*AVAILABLE DATA*.
= = = = =

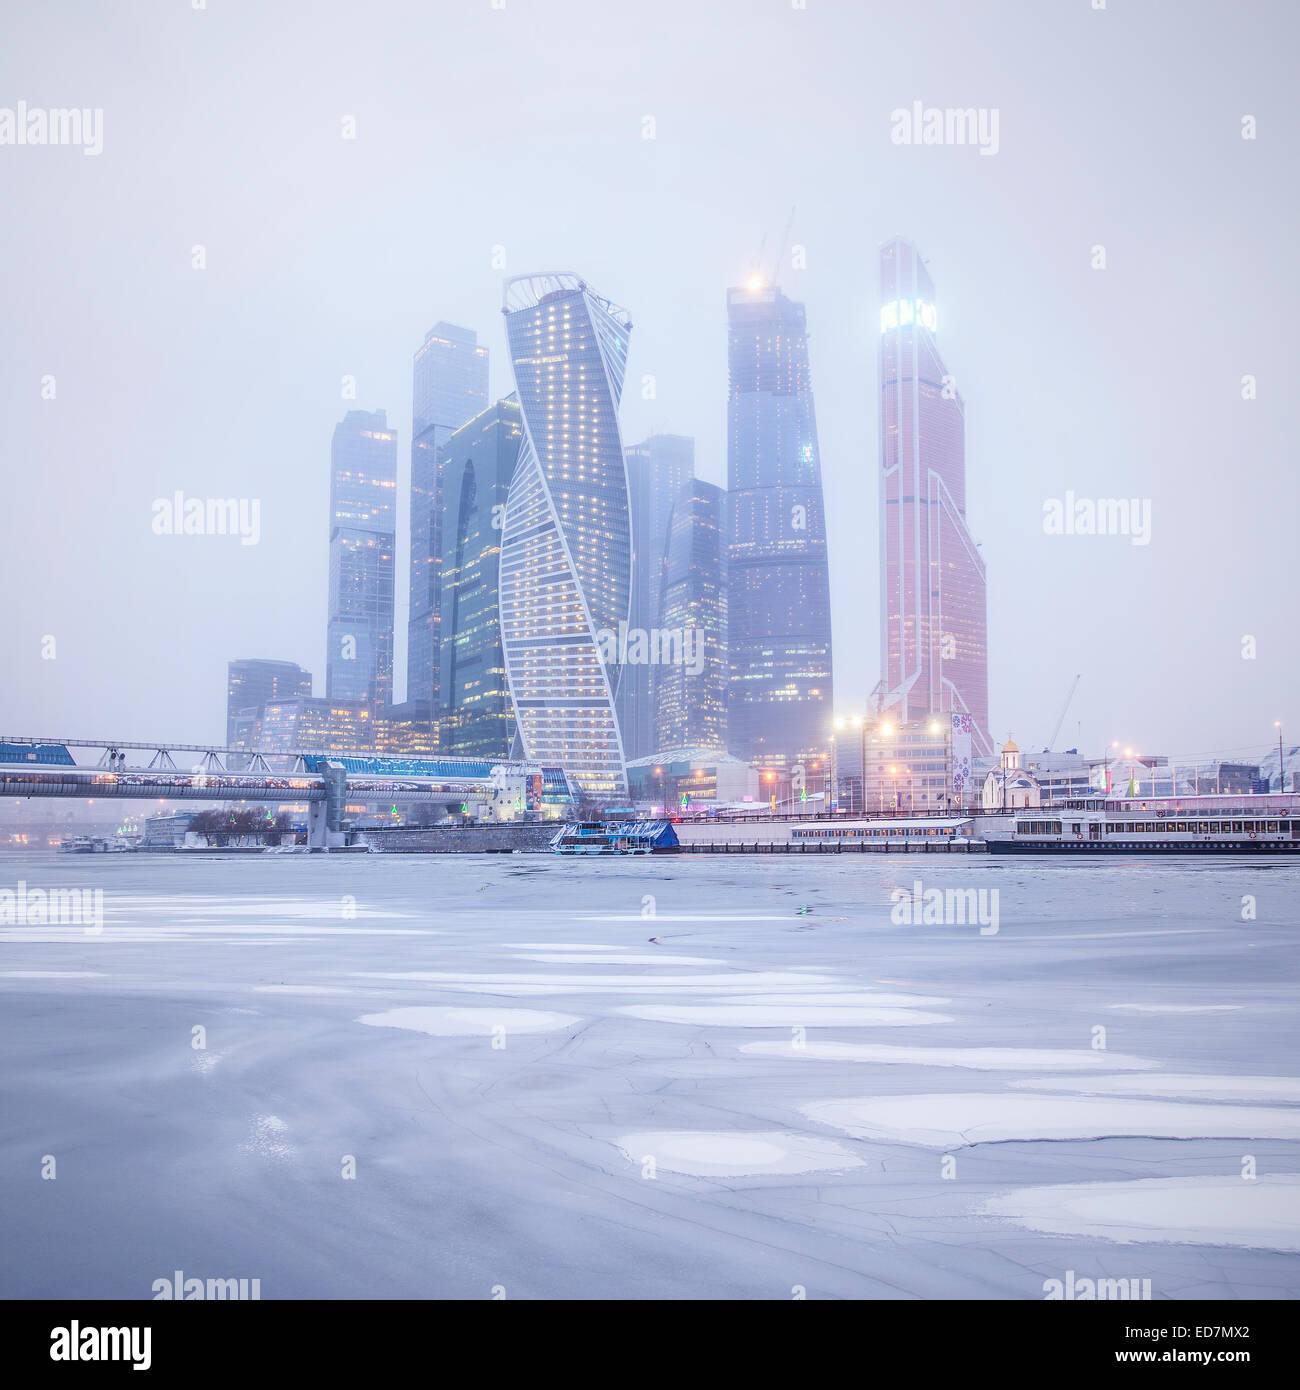 Vue d'hiver du centre d'affaires sous la neige et le brouillard. Moscou. La Russie. Photo Stock
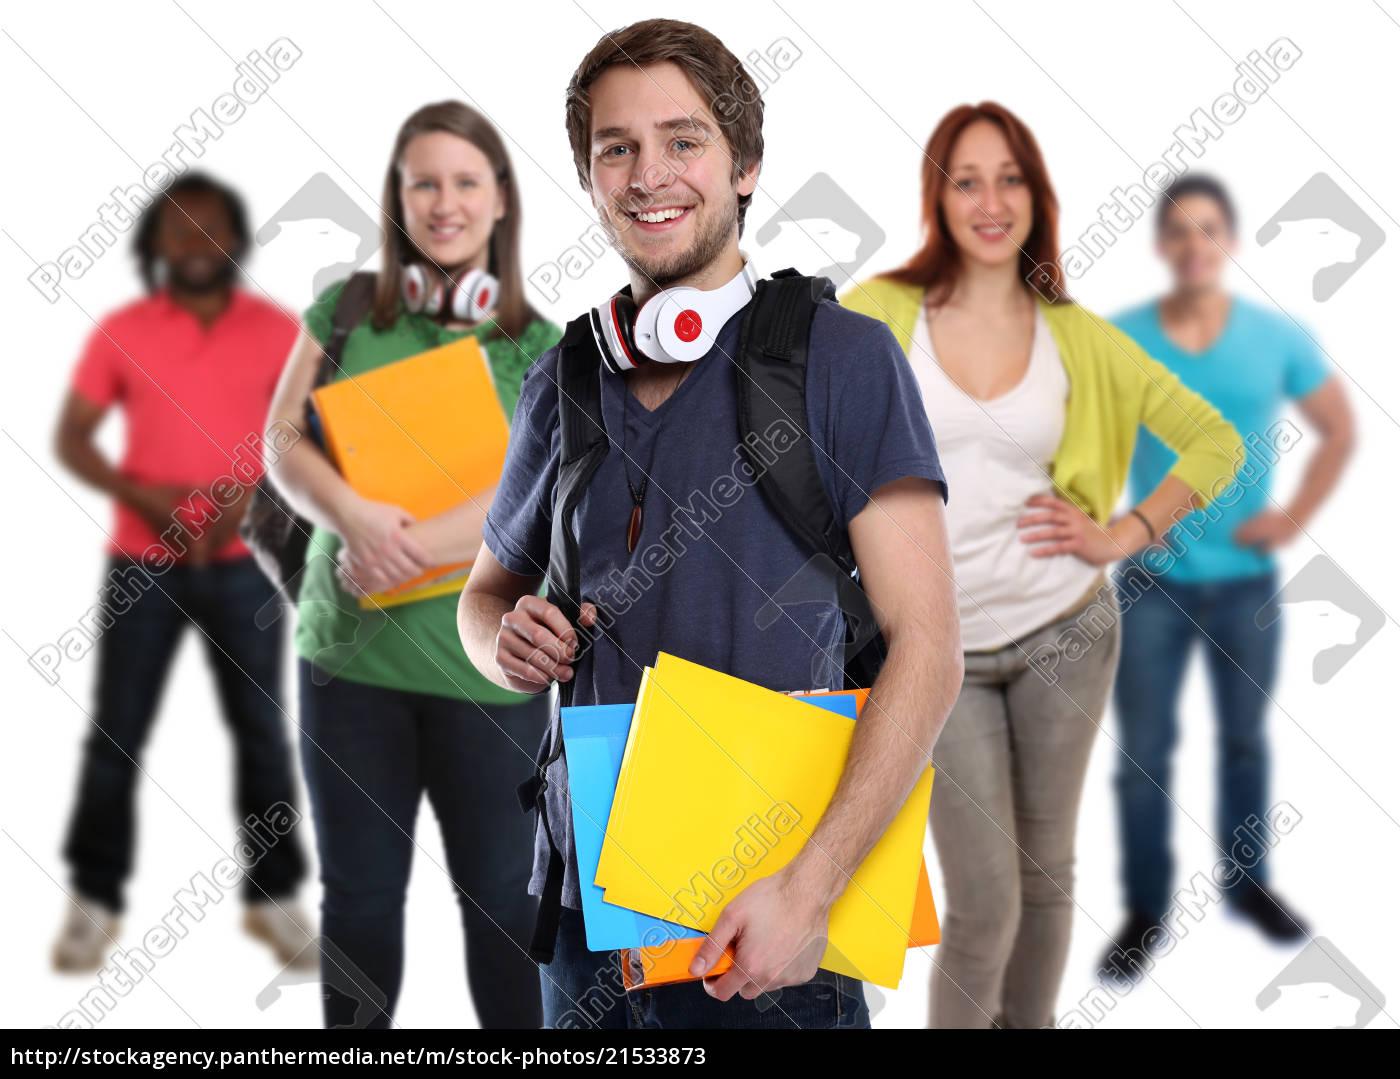 studenten, gruppe, junge, jung, lachen, leute - 21533873
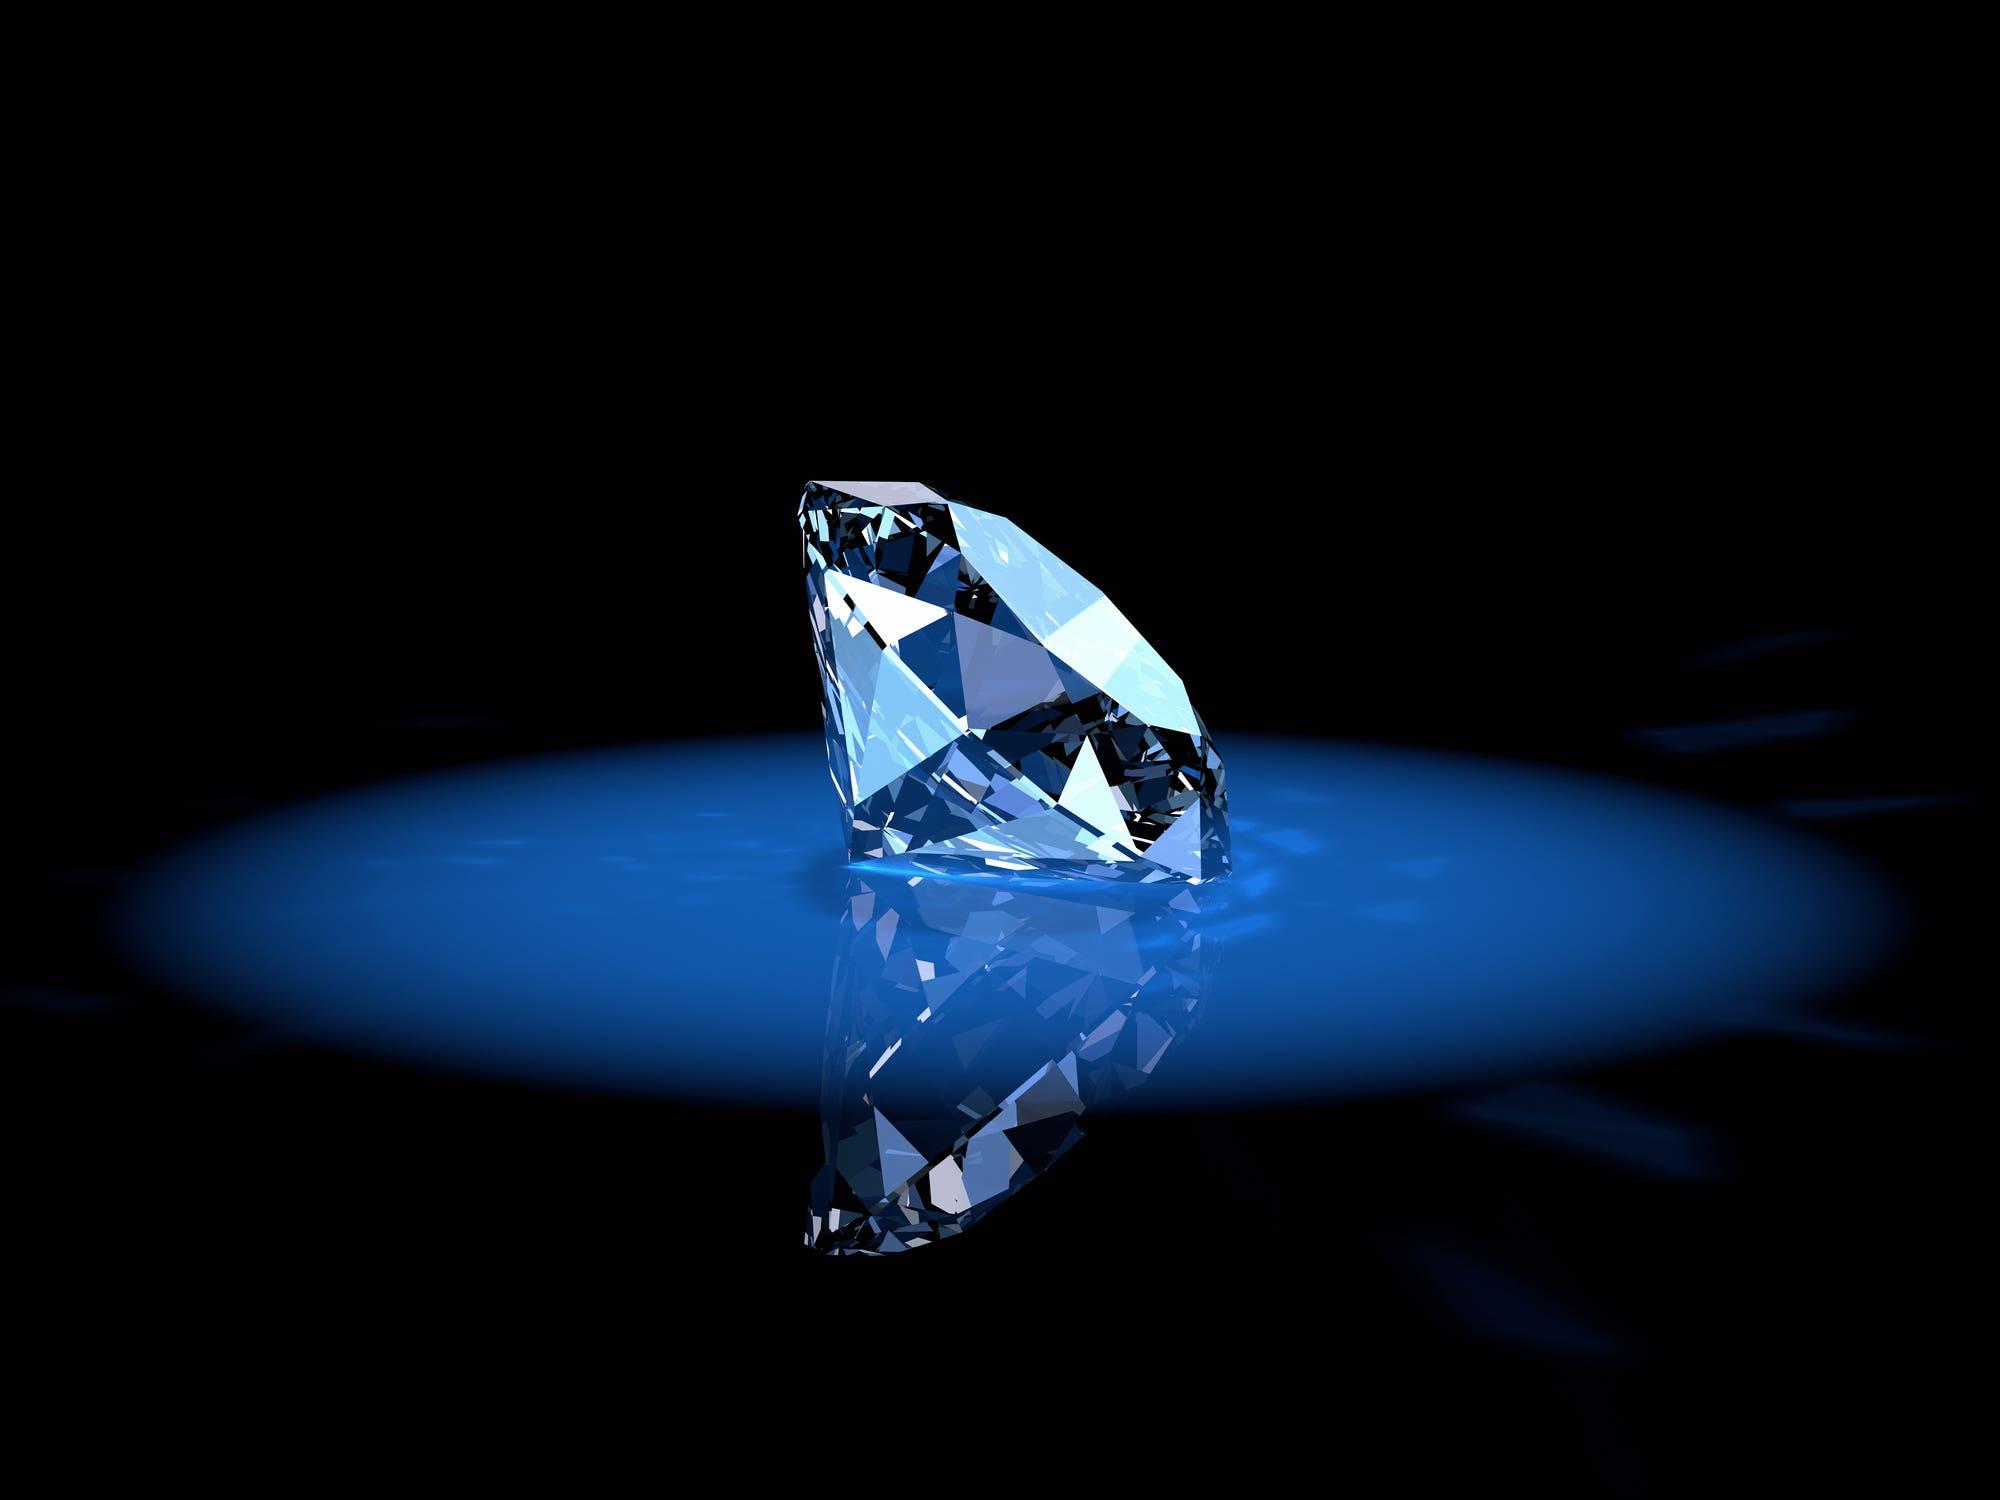 Brilliant shiny diamond

= = = = =

*YOUR OBJECTIVE*. Write out again, word for word, the lines from the one holding "studenten, gruppe, junge, jung, lachen, leute" through the final line of the listing, including both ends but no pictures.

*RESULT OF THIS TASK*.
 studenten, gruppe, junge, jung, lachen, leute - 21533873
 Brilliant shiny diamond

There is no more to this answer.